When the Ministry raised concerns in December 2022 about a lack of overnight supervision in the hostels, it asked the school to implement “appropriate overnight supervision”.

Multiple parents and students told 1News that before the Ministry stepped in, ‘dorm parents’ would normally lock up the dorms at 10:30pm and return at 6am the next day.

One parent said their son would still be up in the wee hours.

“Our son would call us at 2am and we could hear music playing and kids talking in the background. They were just left to their own devices at night.”

A year later, the parent was contacted by staff after their son was beaten by an older student inside the dorms. They believe bullying and abuse of students often occurred during a lack of supervision inside the dorms.

The former school staff member who spoke to 1News anonymously said: “We’ve had to shuffle the senior students around because we had to close down one hostel last year, so some of them were sharing dorms with juniors.”

“From day one that was a concern for me. Especially because they would just lock up the students and then go home – with no one left to look after them at night,” the staff member said.

ERO noted that while actions to improve systems around overnight supervision were initiated in early 2023, they had not yet been fully implemented at the time of its review.

In a statement in April, Limited Statutory Manager Shane Edwards said the hostel was supervised.

“The hostel operates with ‘fully active supervision.’ A Night Supervisor is based in each dormitory. Night Supervisors do dormitory checks hourly, approximately.

“This is showing positive effects on student learning at Wesley College.

“Hostel procedure and practice ensures exterior doors are locked and alarmed for safety. Borders can safely exit bedroom areas as these are not locked and given that each dormitory has a Night Supervisor present.

“The Trust Board, the new School Board and school leadership continually reviews operations as part of internal self-review that informs improvements made to date and that are continuing. “

The review said ERO as not confident that issues in its report were being sufficiently addressed by the leadership of the hostel and was concerned that the pace of change had been too slow.

School response

The school told ERO it had a strong commitment to addressing the college’s historical challenges and was working towards improving learning and providing a safe environment for all students.

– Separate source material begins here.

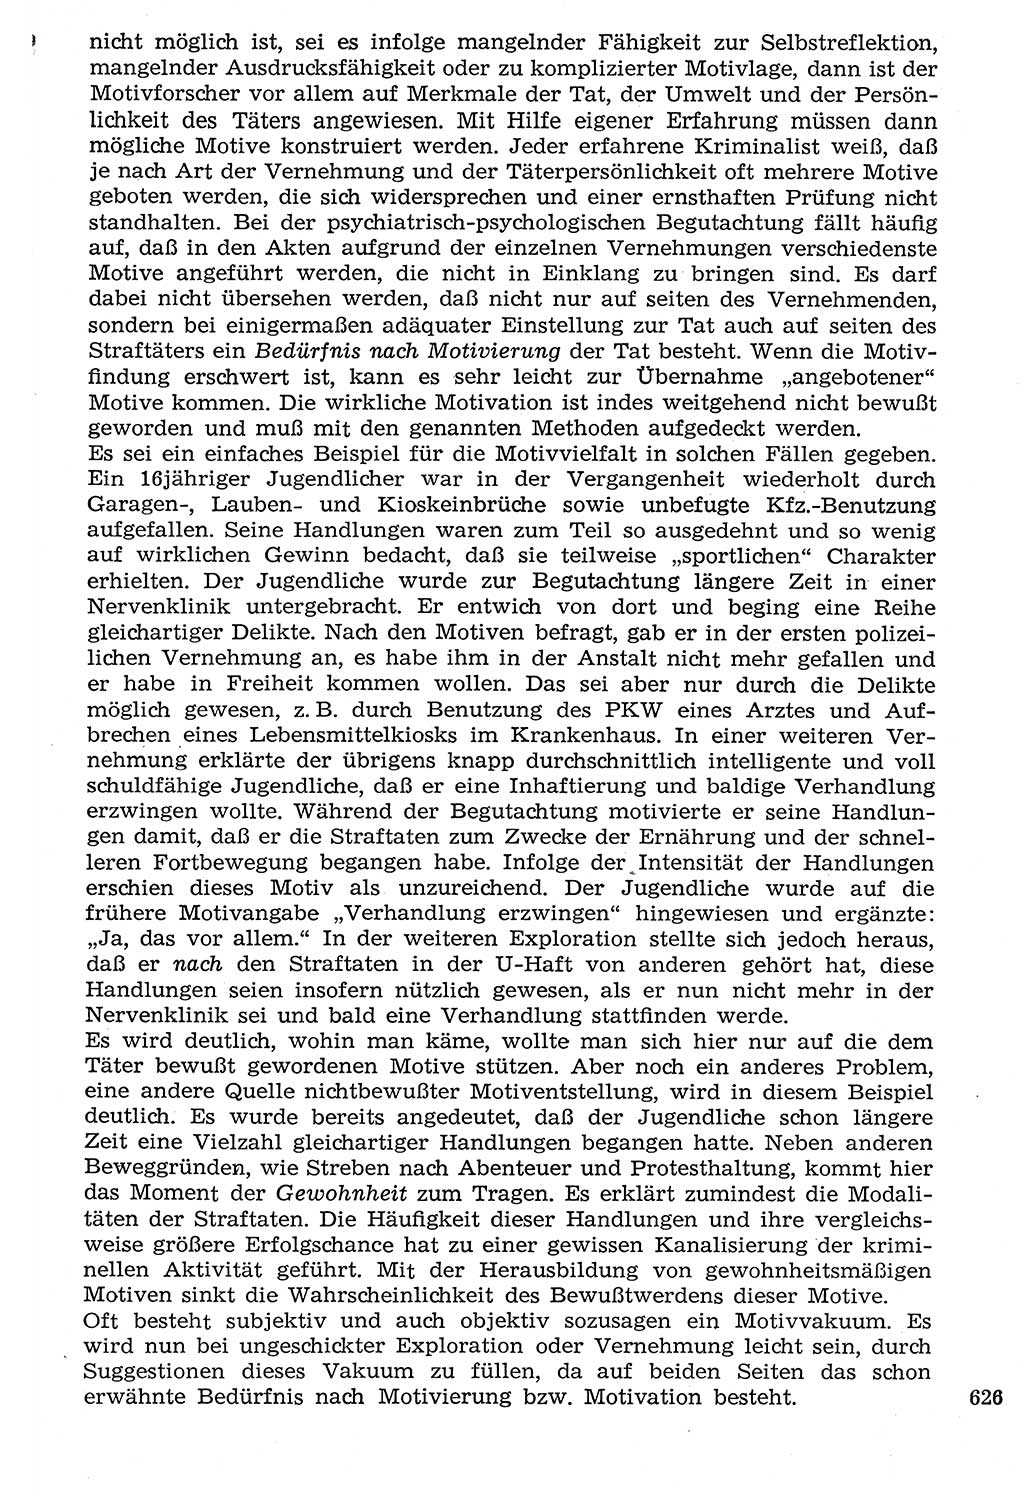 Staat und Recht (StuR), 17. Jahrgang [Deutsche Demokratische Republik (DDR)] 1968, Seite 626 (StuR DDR 1968, S. 626)

ERO acknowledged changes in recent years had resulted in some improvements but stated “the school is yet to develop effective systems and processes to ensure students are entirely safe”.

Some recently introduced initiatives and changes haven’t been in place long enough for ERO or the school to know if they are having the desired impact, according to the review.

ERO also stated recommendations from three separate reviews commissioned by the school between 2019 and 2021 were yet to be fully implemented.

Students at the school.

ERO has recommended a “thorough overhaul” of the school’s policies and procedures and said there needed to be “particular attention to developing child protection policies that align with current legislation”.

Since the review, ERO noted the Wesley College School board had taken steps to strengthen governance practice, including undertaking training and reviewing changes to policies.

School leaders have initiated a student survey to inform wellbeing and had plans for professional development of staff towards areas outlined in the report.

The Ministry of Education had also appointed a practitioner to help raise student achievement and improve the school’s capability.

ERO recommended that the Ministry continued its intervention and that the school board sought external expertise and support to strengthen governance practices and effectiveness.

The Trust Board, which is separate to the School Board and manages the school hostel responded to concerns raised by 1News in regard to overnight supervision issues in May.

“The Wesley College Trust Board employ security staff from the firm Simply Security and we can confirm all staff on site, including the security staff, comply with the regulations of The Children Act 2014,” chair Jan Tasker said in a statement.

“As a safety measure we now have an awake duty person in each of our five dormitories every night in addition to the security staff.”